O que se sabe? Os resgatados não haviam recebido zero pelo trabalho até ali realizado. Estavam alojados em uma mansão velha de madeira, com dois quartos que, segundo o testemunho dos trabalhadores, chegou a homiziar 11 homens ao mesmo tempo. As condições eram precárias: colchões no soalho, zero de armários ou outros móveis, fiação elétrica exposta e, o principal problema, falta de aproximação a chuva potável.

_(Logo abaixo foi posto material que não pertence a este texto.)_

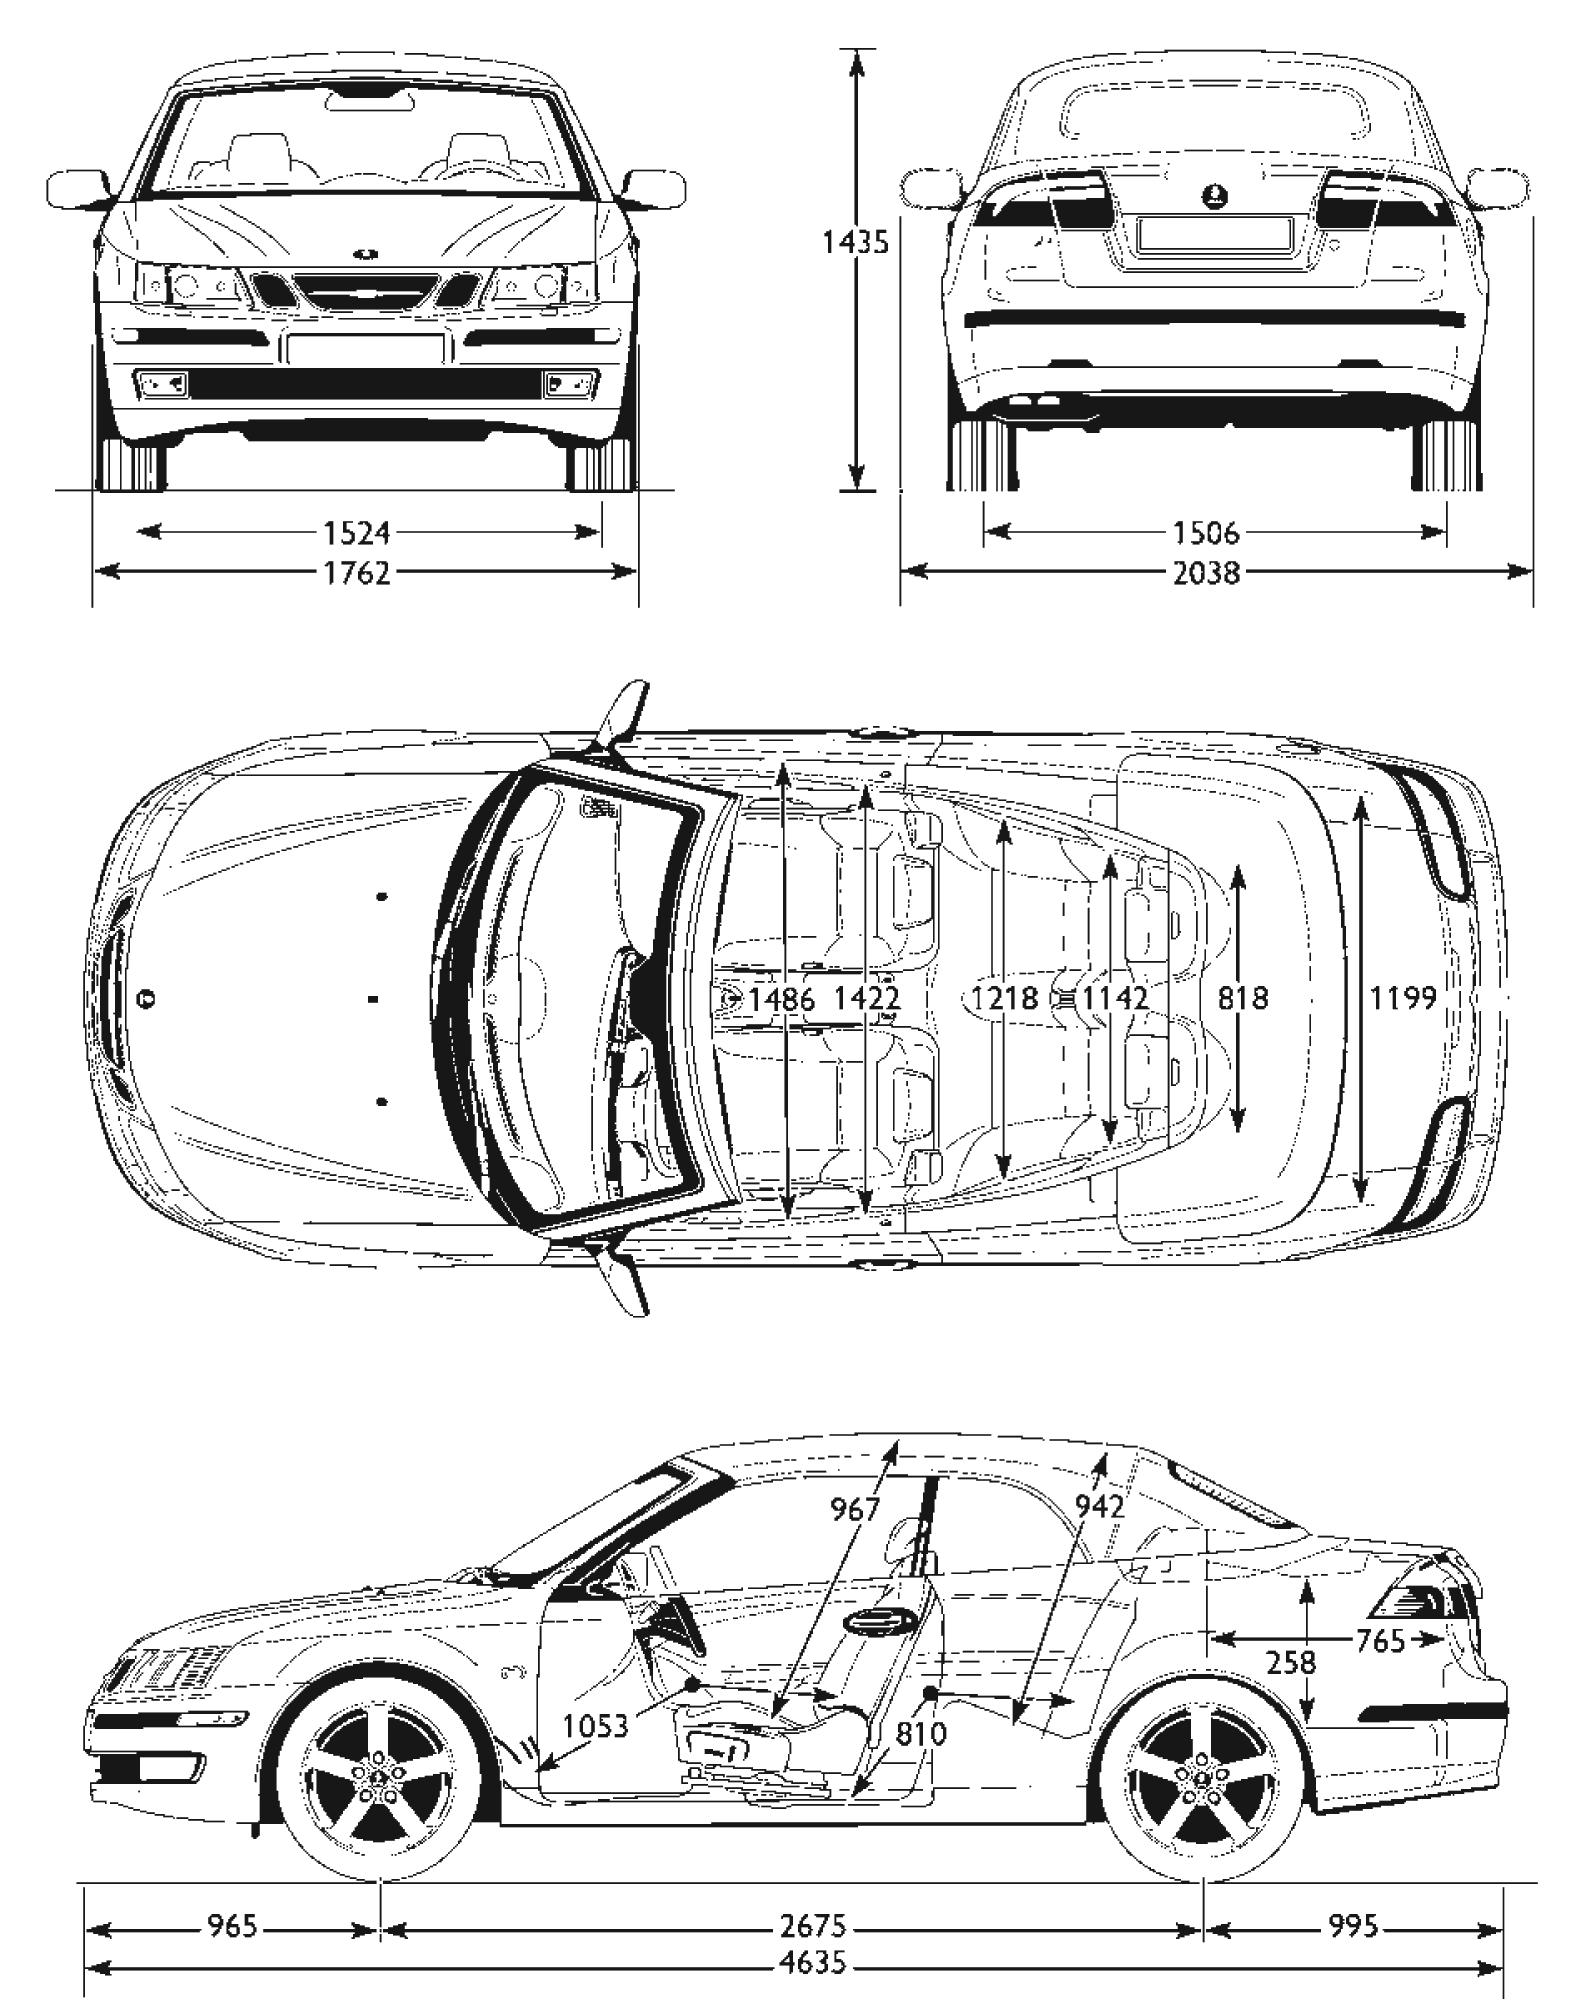 Saab 9-3 Convertible blueprints

A chuva que abastecia a mansão era captada de um pequeno comporta na propriedade. Depois de usada no banho e na descarga, era descartada num recinto próximo à mansão e ao comporta, formando um esgoto a firmamento descerrado e, possivelmente, contaminando o comporta. Segundo a fiscalização, essa chuva apresentava cor amarelada e odor pestilencial. Os trabalhadores relataram alergias cutâneas e diarreia. Segundo o MPT-RS, o alojamento não ficava na propriedade onde os argentinos estavam trabalhando.
O resgate foi feito na terça-feira (28), Dia Pátrio de Combate ao Trabalho Servo, porquê segmento de uma operação ampla de fiscalização da colheita da uva. Na quarta-feira (29) foi firmado um Termo de Ajuste de Conjunta com o produtor rústico que contratou os serviços, garantindo o pagamento das verbas trabalhistas e rescisórias devidas pela rescisão indireta dos contratos de trabalho. Aliás, o Ministério do Trabalho e Tarefa emitiu o seguro-desemprego, assegurando aos trabalhadores imigrantes argentinos o pagamento de 3 (três) parcelas de um salário-mínimo.
No ano pretérito, foi realizada a Operação In Vino Veritas, coordenada pelo MTE, acompanhada pelo MPT e com esteio da PRF. O seu objetivo era verificar se as mudanças que haviam sido pactuadas pelo setor depois o caso dos resgatados em Bento Gonçalves, em 2023, estavam acontecendo na prática.
“Naquela operação, foi percebida uma evolução no setor, com o aumento da formalização dos trabalhadores registrados”, conta a procuradora do trabalho Franciele D’Ambros, coordenadora regional da Coordenadoria Pátrio de Combate ao Trabalho Servo e Enfrentamento ao Tráfico de Pessoas do MPT-RS. “O número de trabalhadores safristas registrados encontrados nas vistorias aumentou de 2.720 em 2023 para 8.102 em 2024, um salto de 257%. Com relação aos números deste ano, não temos ainda porquê oferecer conclusões porque o processo de colheita da safra está começando e as ações de fiscalização estão em pleno curso”.